Referring to fig. 1, an intelligent motion recognition method based on the internet of things technology provided by an embodiment of the present invention includes:

step S100: acquiring first original information of a target in each unit time through radio frequency identification equipment in the Internet of things, acquiring second original information of the target in each unit time through a global positioning system in the Internet of things, acquiring third original information of the target in each unit time through an infrared motion sensor in the Internet of things, and acquiring fourth original information of the target in each unit time through a laser scanner in the Internet of things;

step S200: extracting a first initial feature set based on the first original information, extracting a second initial feature set based on the second original information, extracting a third initial feature set based on the third original information, and extracting a fourth initial feature set based on the fourth original information;

step S300: the first initial feature set, the second initial feature set and the third initial feature set are spliced to obtain a first feature set, an enhanced mapping feature set of a fourth initial feature set for the first feature set is obtained through a self-attention mechanism, and the enhanced mapping feature set is spliced with the first feature set to obtain a second feature set;

step S400: configuring a long-term and short-term memory network;

step S500: inputting the second feature set into the long-short-period memory network for training to obtain a pre-training model capable of predicting a target motion track, inputting the second feature set obtained in a first unit time into the pre-training model to obtain a predicted track of the target in a second unit time, comparing the predicted track with an actual track to calculate a prediction error after the second unit time is over, taking the prediction error as a third feature set, and inputting the third feature set and the second feature set into the pre-training model for training to obtain a final model.

Specifically, in step S100, four kinds of internet of things devices, namely, a Radio Frequency Identification Device (RFID), a Global Positioning System (GPS), an infrared motion sensor, and a laser scanner are relied upon. These devices are all key components to achieve target motion recognition. The RFID can identify and track the target in real time in the environment of the Internet of things, and provides the identity and state information of the target. GPS can provide accurate geographic location and speed of movement of objects. The infrared motion sensor is capable of capturing motion and behavioral characteristics of a target, such as walking, running, jumping, and the like. The laser scanner is then able to provide high precision three-dimensional information of the environment and the shape of the target. The four devices are connected through a wireless network and work cooperatively to acquire the comprehensive information of the target.
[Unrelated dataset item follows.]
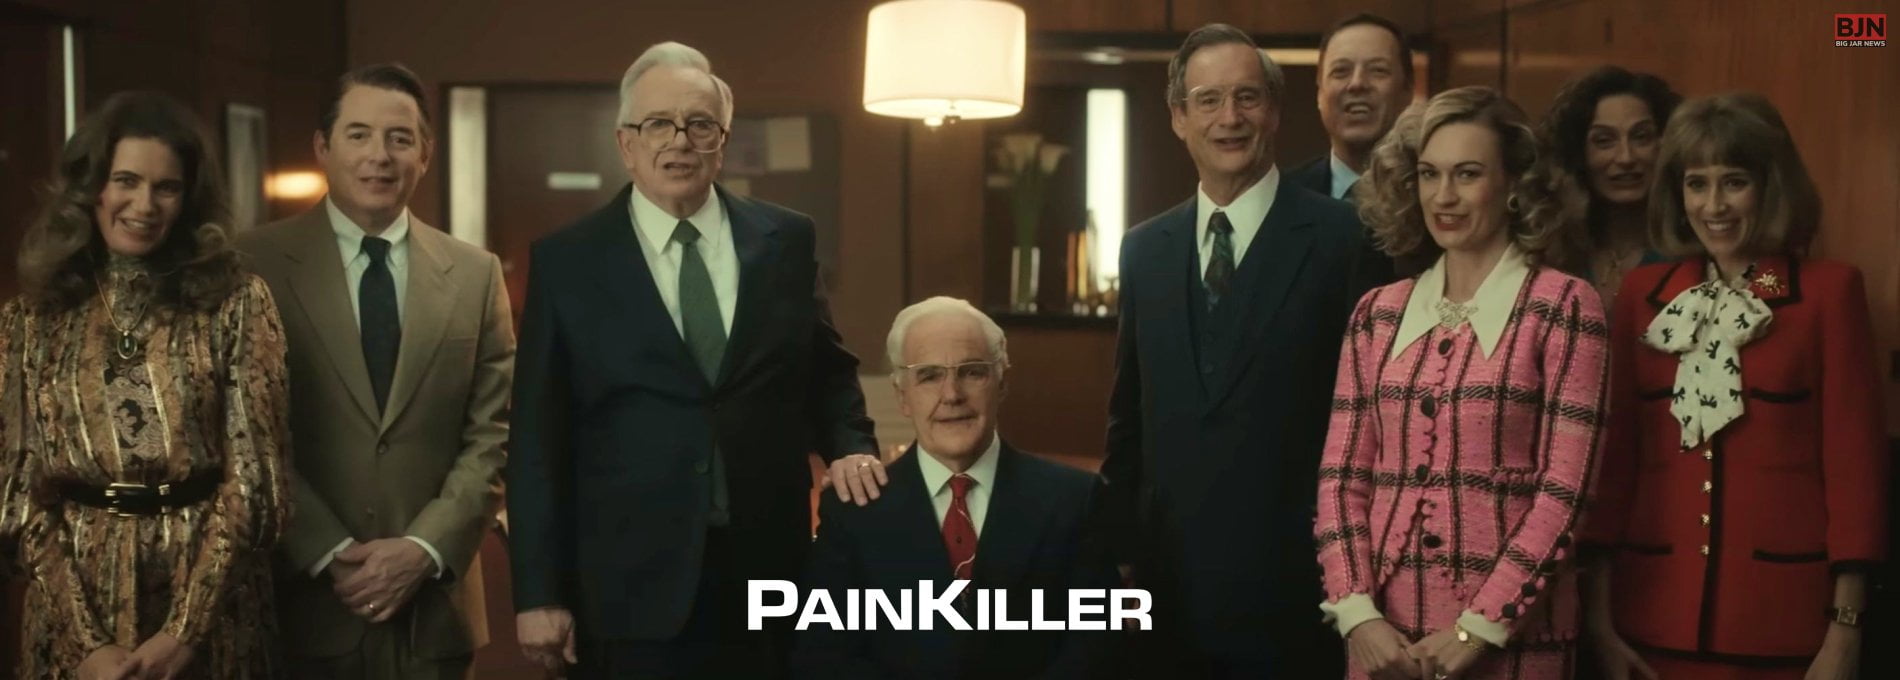 Netflix Painkiller

After step S100, we will obtain a series of raw data related to the motion of the object, including the identification information, position information, motion characteristics and three-dimensional shape information of the object. This information is critical to accurately predicting the motion trajectory of the target, which will be used to generate feature sets that will be used as inputs to the deep learning model for training and prediction. Step S100 is the first step of the whole intelligent motion recognition method, and is also the most basic data collection step, and the quality of the data collection step directly affects the effect of the subsequent steps. For the whole invention, the step provides the basic data required by the whole intelligent motion recognition method, and is the basis for realizing effective motion recognition.

Specifically, in step S200, based on four types of original information, we need to perform feature extraction for each type of information. Feature extraction generally depends on the nature of the data and the target task.

Specifically, extracting the first initial feature set based on the first original information includes performing one-time encoding on the first original information to extract the first initial feature set;

extracting a second initial feature set based on the second original information includes using a min-max normalization process on the second original information to extract a second initial feature set;

extracting a third initial feature set based on the third initial information includes converting the third initial information from a time domain to a frequency domain using fourier transform, and then extracting a main frequency component in the frequency domain as the third initial feature set;

extracting the fourth initial feature set based on the fourth original information includes performing a Z-score normalization process on the fourth original information to extract the fourth initial feature set.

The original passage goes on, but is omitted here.